В школе, куда я ходил каждое утро, со мной никто не хотел дружить – все только издевались над тем, что я толстый и воняю навозом. У нас в семье чистоплотность не считалась достоинством.

После школы я помогал отцу в поле и ухаживал за скотиной. Не по доброй воле. Это была моя обязанность. Я бы лучше сидел у себя в комнате, читал стихи, листал мамины журналы или придумывал всякие истории о приключениях разбойников, которых ни остановят никакие замки́, путешествиях, чудесах и далеких землях, где великолепные принцессы побеждают темные силы.

Но этого мне бы никто не позволил.

Работы на земле было столько, что мы надрывались с утра до вечера, а заработанные деньги тратились на покупку новых свиней, новых тракторов, новых саженцев тополей.

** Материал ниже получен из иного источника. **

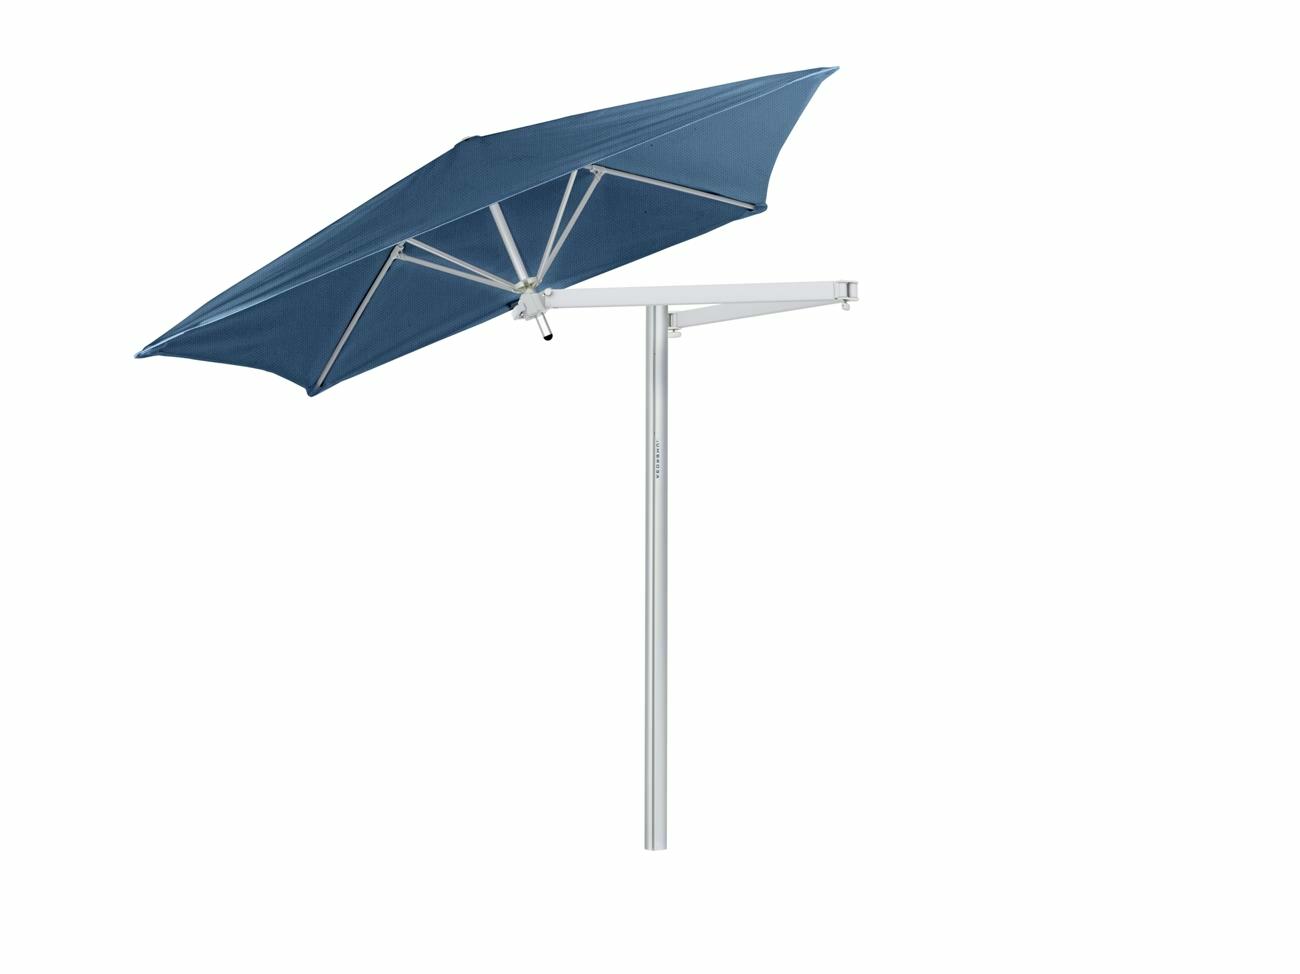 Paraflex cantilever umbrella square 1,9 m with Blue Storm fabric and a Neo arm

Мне всегда нравилась литература, еще с начальной школы. Родари. А потом Буццати и Унгаретти. И Леопарди:

Тоска и горечь – наша жизнь, не больше;
Мир – грязь.[18]

Но моя любимая поэтесса – это Дикинсон. Ее стихи такие трогательные (как и история жизни, затворнической, одинокой); вспоминаю их, и на душе становится грустно…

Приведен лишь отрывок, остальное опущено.